Of the lines below, write out exactly those from the line with "new modelo de" through the line with "animation company animation", both included, and skip the rest.

START Listed records

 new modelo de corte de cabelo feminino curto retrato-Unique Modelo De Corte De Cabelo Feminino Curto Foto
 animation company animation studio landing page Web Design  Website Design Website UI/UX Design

END Listed records
START Listed records

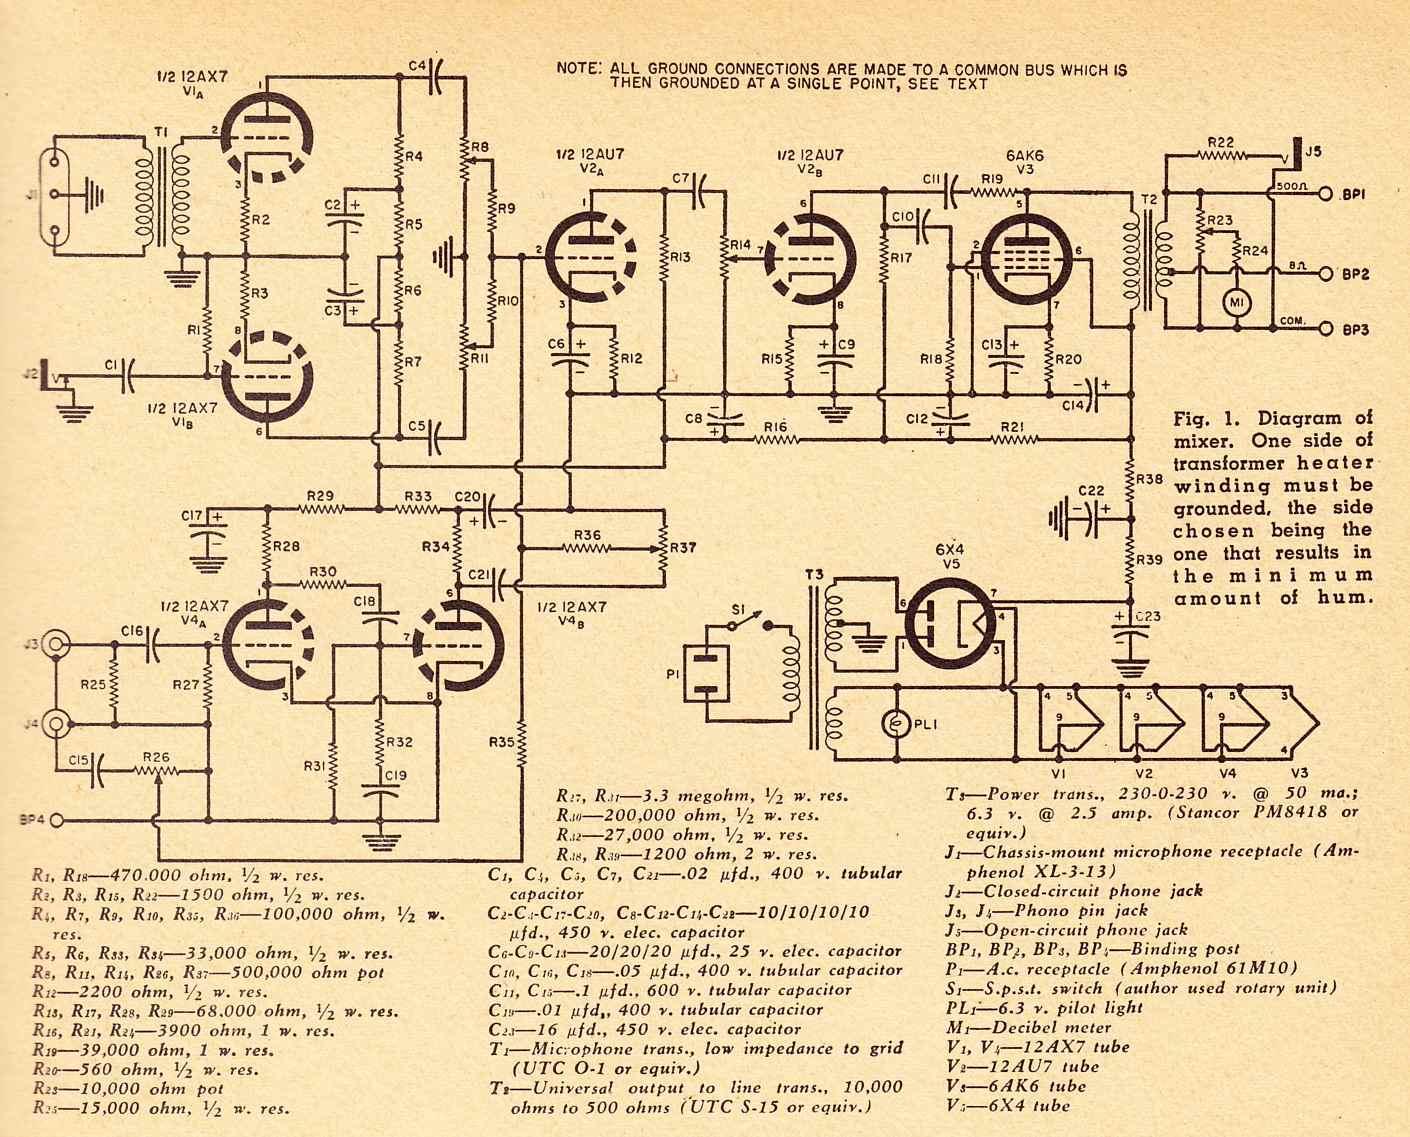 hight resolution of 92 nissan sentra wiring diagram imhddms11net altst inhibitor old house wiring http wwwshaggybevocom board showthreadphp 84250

END Listed records
START Listed records

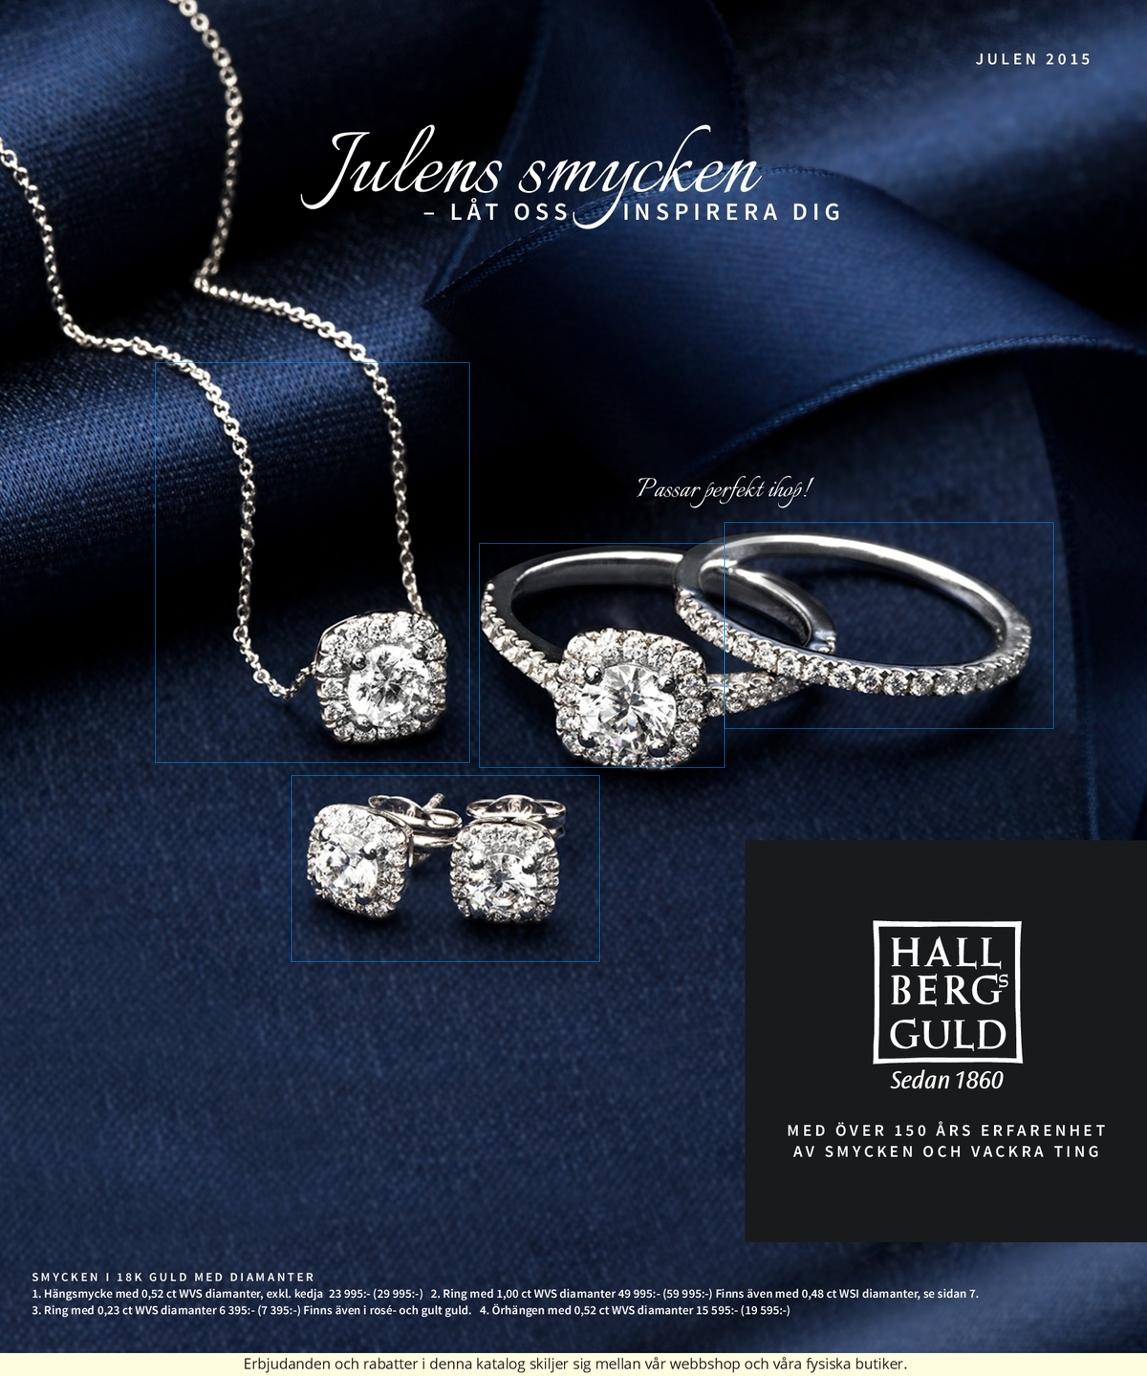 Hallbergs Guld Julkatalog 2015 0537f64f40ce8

END Listed records

— Expected output —
 new modelo de corte de cabelo feminino curto retrato-Unique Modelo De Corte De Cabelo Feminino Curto Foto
 animation company animation studio landing page Web Design  Website Design Website UI/UX Design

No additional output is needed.